Observant Jews can now cross the street safely on Shabbat thanks to the installation of Britain's first "hands-free" pedestrian crossing. The new light indicates when to cross and when to stay put without the need to press a button and break Shabbat, the Daily Mail reported on Monday.
Observant Jews do not use electricity or operate machinery on Shabbat, and therefore pressing a button would be in violation of the Sabbath.
The "hands-free" crossing is located near a busy synagogue, the Daily Mail reported, and traffic will stop every 90 seconds from sunset on Friday until nightfall on Saturday.

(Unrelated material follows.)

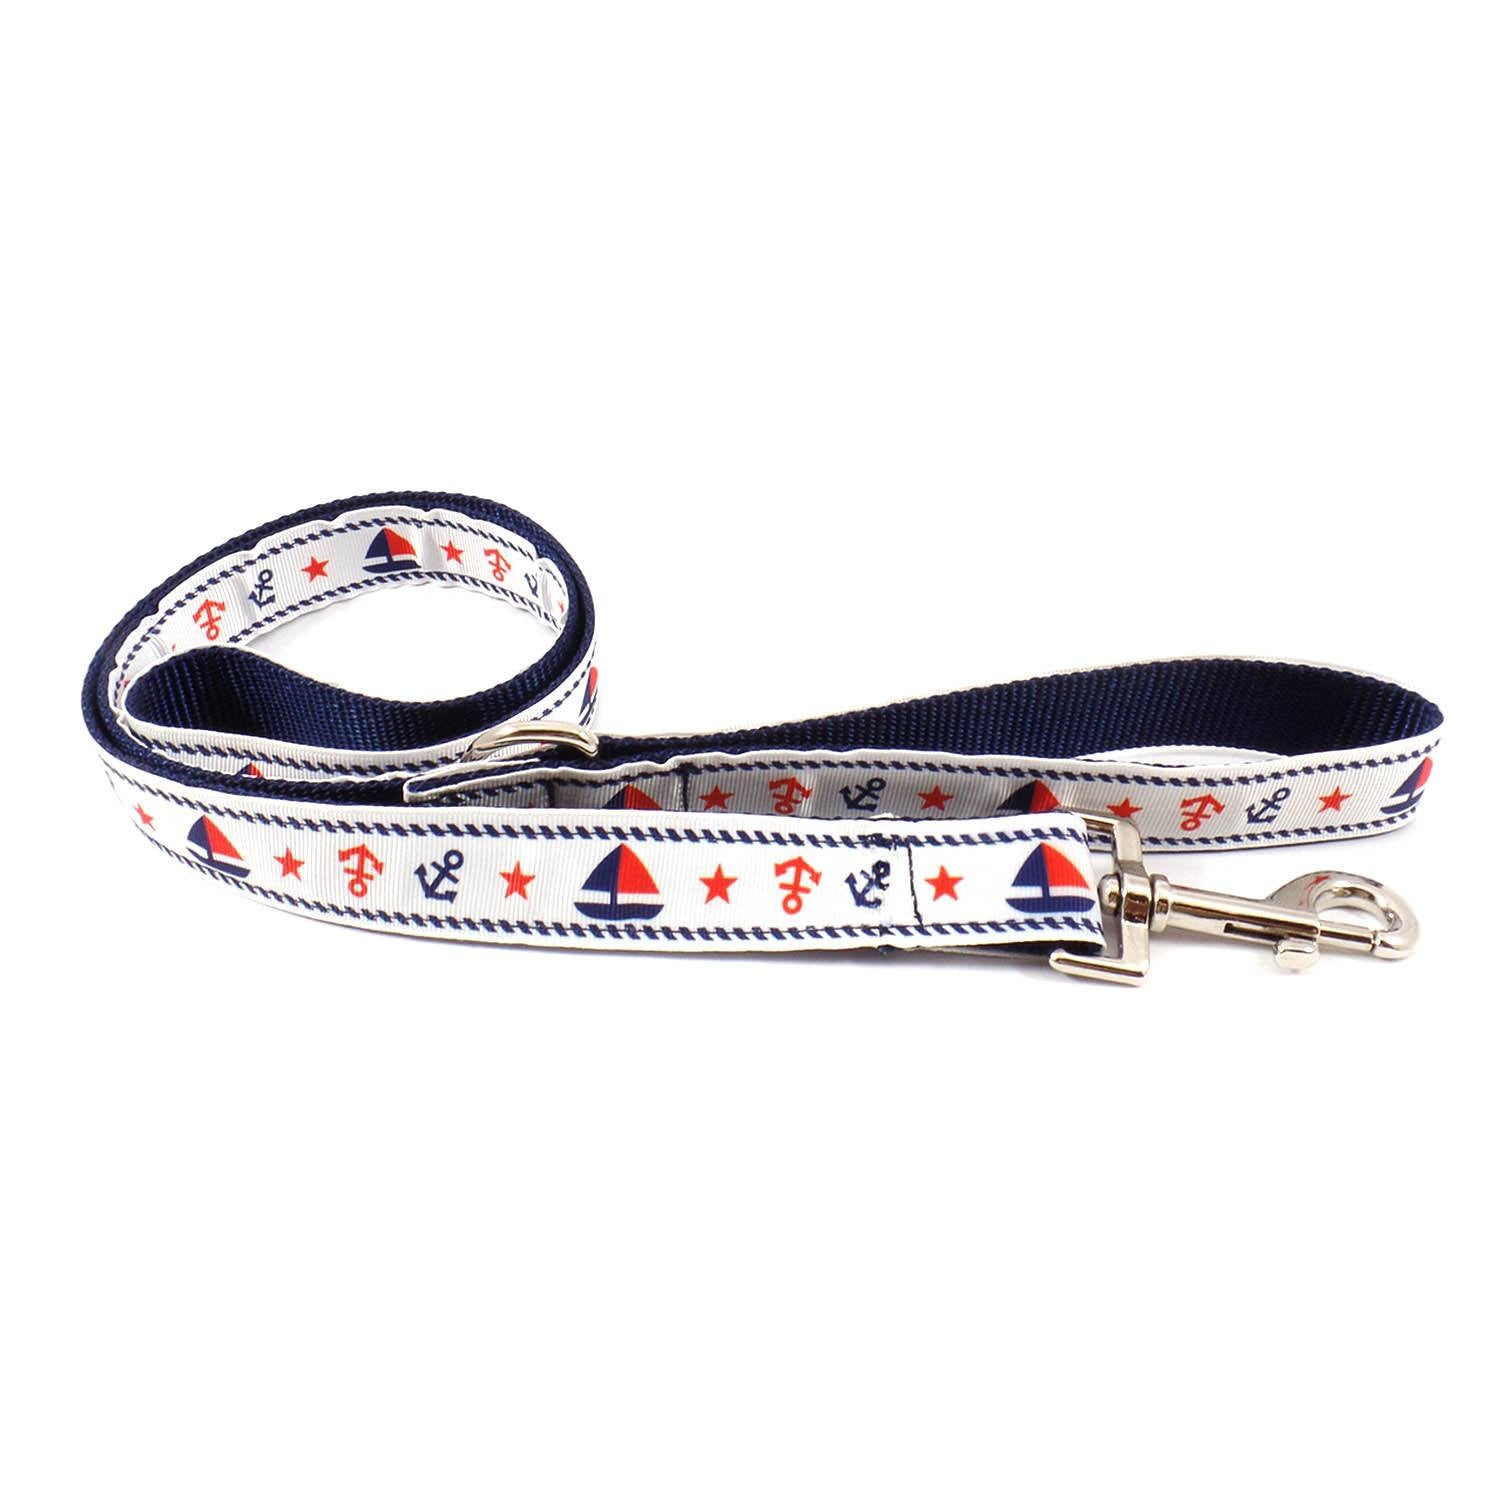 White with Boats and Anchors Leash - Beach & Dog Co.
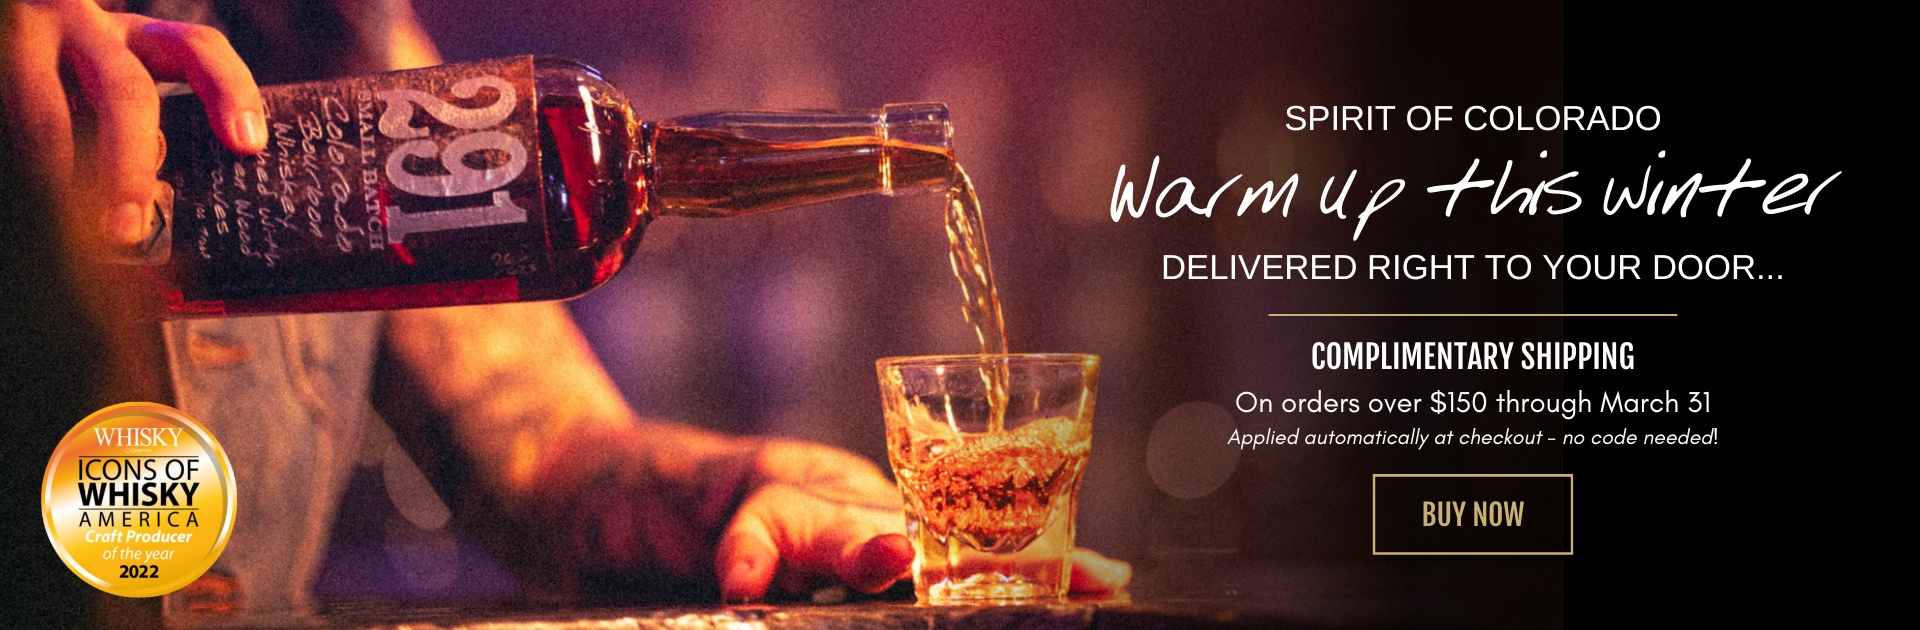 Warm up this winter with the Spirit of Colorado delivered right to your door. Complimentary shipping on orders over $150. Discount applied automatically at checkout. No code needed!

The crossing, to be placed at the North Circular at the Henlys Corner junction, is one of London's busiest thoroughfares, but planners have assured the public that it will not cause bottleneck, the Daily Mail said.
The system is to come into operation in December after the junction fully reopens following a massive ten-month upgrade costing £8 million, the Daily Mail reported.
The staff at Transport for London, the company responsible for maintaining London's main roads, reportedly decided to include the automatic crossings after religious leaders at Finchley United Synagogue explained the challenges faced by congregants attempting to cross the road.
TfL told the Daily Mail that the "hands-free" green man did not incur extra costs to the upgrade.
A spokesman for TfL said, "we always consult with the community over major road projects. This idea was suggested by the synagogue, whose members asked if it could be done. We thought about it and came to the conclusion that it could," the Daily Mail reported.